Pluto's heart is an ocean of slushy ice

This cutaway image of Pluto shows a section through the area of Sputnik Planitia, with dark blue representing a subsurface ocean and light blue for the frozen crust. Image: Pam Engebretson
This cutaway image of Pluto shows a section through the area of Sputnik Planitia, with dark blue representing a subsurface ocean and light blue for the frozen crust. Image: Pam Engebretson

It has long been suspected that beneath Pluto's "heart" lies a subsurface ocean, now according to a new study using data from NASA's New Horizons spacecraft, researchers from MIT suggest that this indeed the case.

Analysis of the data suggests that the dwarf planet's most prominent surface feature – a heart-shaped region named Tombaugh Regio – is hiding a cold, slushy ocean of water ice just below its surface that has strong links with the evolution of key features such as the vast, low-lying basin known as Sputnik Planitia (formerly Sputnik Planum) on the heart’s western lobe.
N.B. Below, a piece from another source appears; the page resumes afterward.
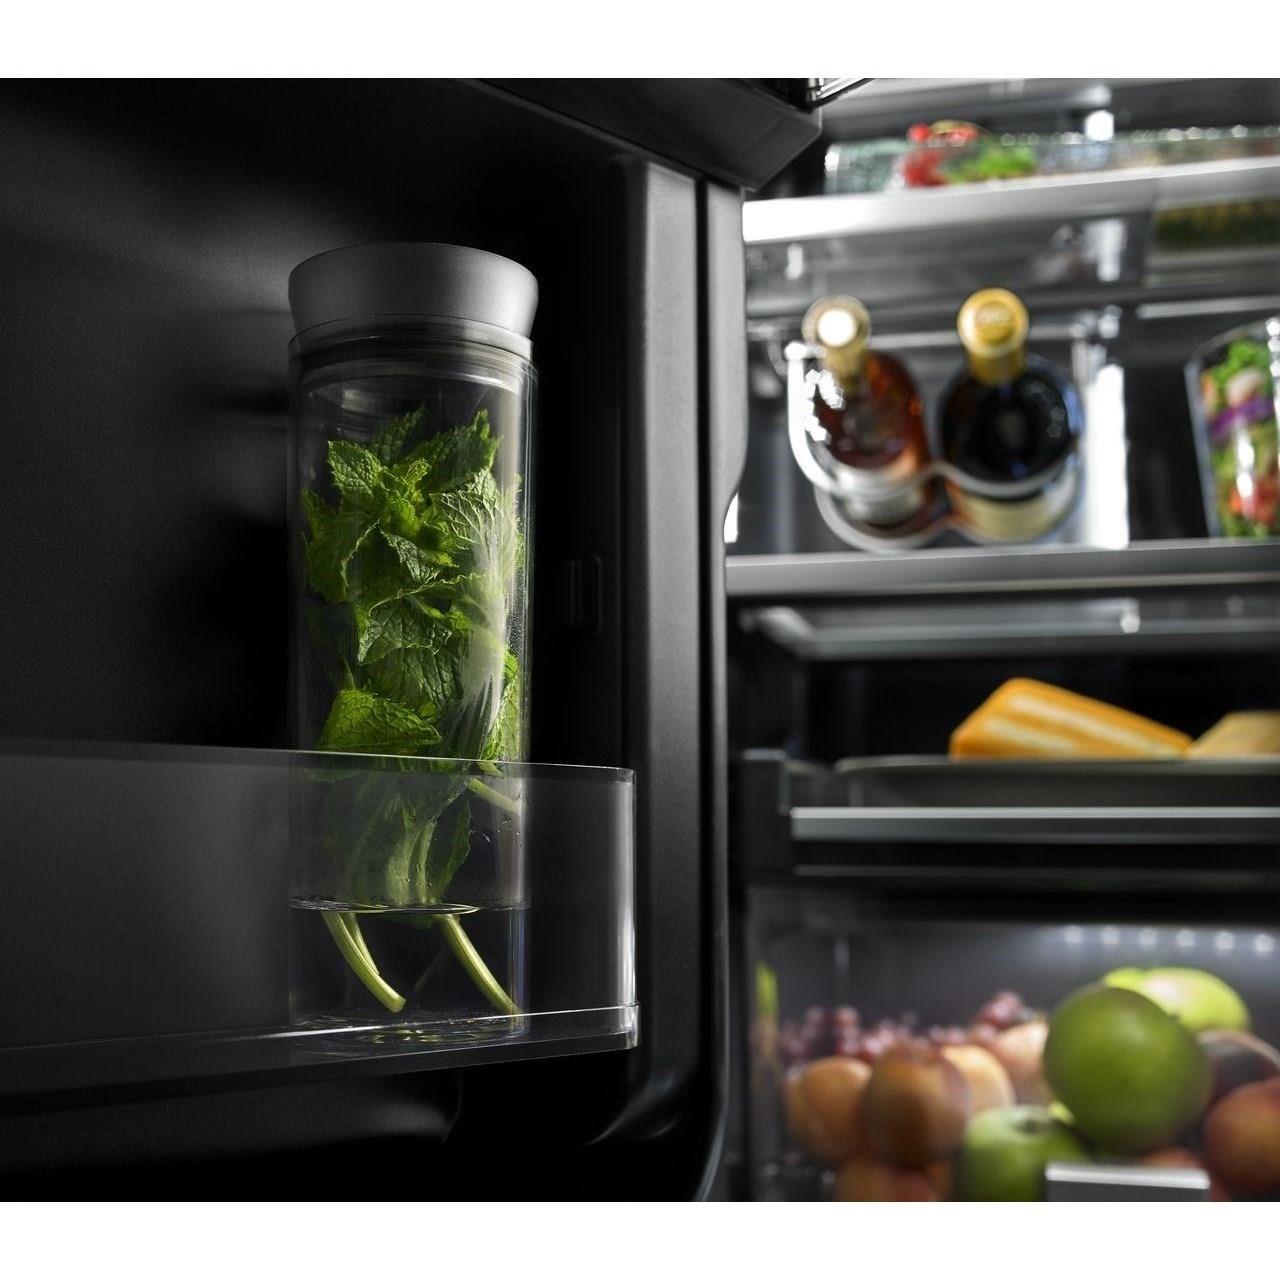 Jenn air jffcc72efp72 counter depth french door for Obsidian interior refrigerator

Tombaugh Regio, which is Pluto's brightest region, has puzzled astronomers for a number of years as it aligns almost exactly opposite from the dwarf planet's moon, Charon, in a locked orientation and why this should be, has so far lacked a convincing explanation. However this new data suggests that a thick, heavy ocean may serve as a "gravitational anomaly," or weight, which has provided an anchor in Pluto and Charon's gravitational tug-of-war.
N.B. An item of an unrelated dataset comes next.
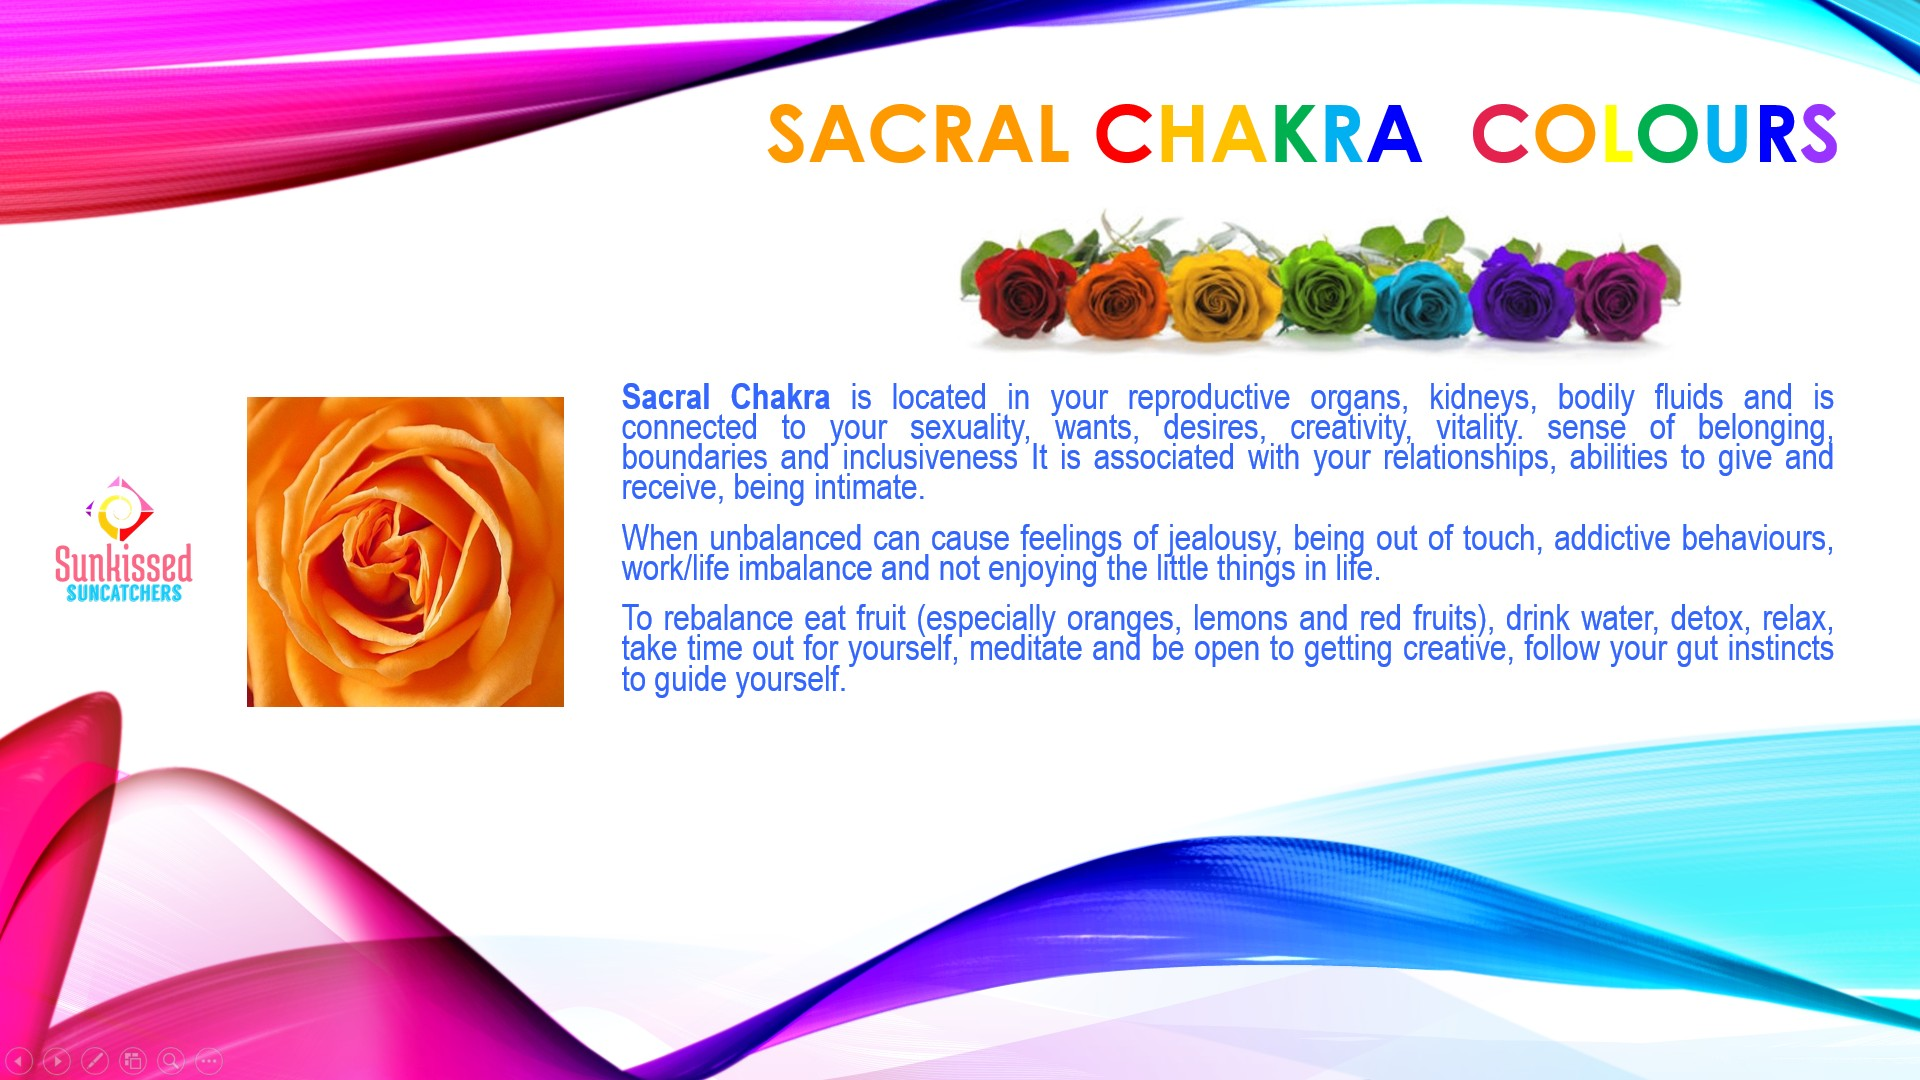 Sunkissed Suncatchers 3 Sacral Chakra Colours

It is thought, that like other large basins in the solar system, that Sputnik Planitia was formed by the impact of a giant meteorite, which would have blasted away a huge amount of Pluto's icy crust. As the object impacted the surface, if a subsurface ocean existed, it would create an upwelling of water that pushing up against the thinned and weakened crust of ice. At equilibrium, because water is denser than ice, that would still leave a fairly deep basin with a thin crust of ice over the upwelled mass of water.

"At that point, there is no extra mass at Sputnik Planitia," explained Francis Nimmo, professor of Earth and planetary sciences at UC Santa Cruz and first author of a paper published in Nature. "What happens then is the ice shell gets cold and strong, and the basin fills with nitrogen ice. That nitrogen represents the excess mass."

Nimmo and colleagues considered other ways in which to provide enough mass in order to create a "positive gravity anomaly" consistent with the observations, however none of them looked as likely as a subsurface ocean. "There's plenty of nitrogen in Pluto's atmosphere, and either it preferentially freezes out in this low basin, or it freezes out in the high areas surrounding the basin and flows down as glaciers," Nimmo said. This is seen in images from New Horizons which appear to show nitrogen glaciers flowing out of mountainous terrain around Sputnik Planitia.

"Pluto is hard to fathom on so many different levels," says New Horizons co-investigator Richard Binzel, professor of earth, atmospheric and planetary sciences at MIT. Binzel is also a joint professor of aerospace engineering and a faculty affiliate with the MIT Kavli Institute. "People had considered whether you could get a subsurface layer of water somewhere on Pluto. What's surprising is that we would have any information from a flyby that would give a compelling argument as to why there might be a subsurface ocean there. Pluto just continues to surprise us."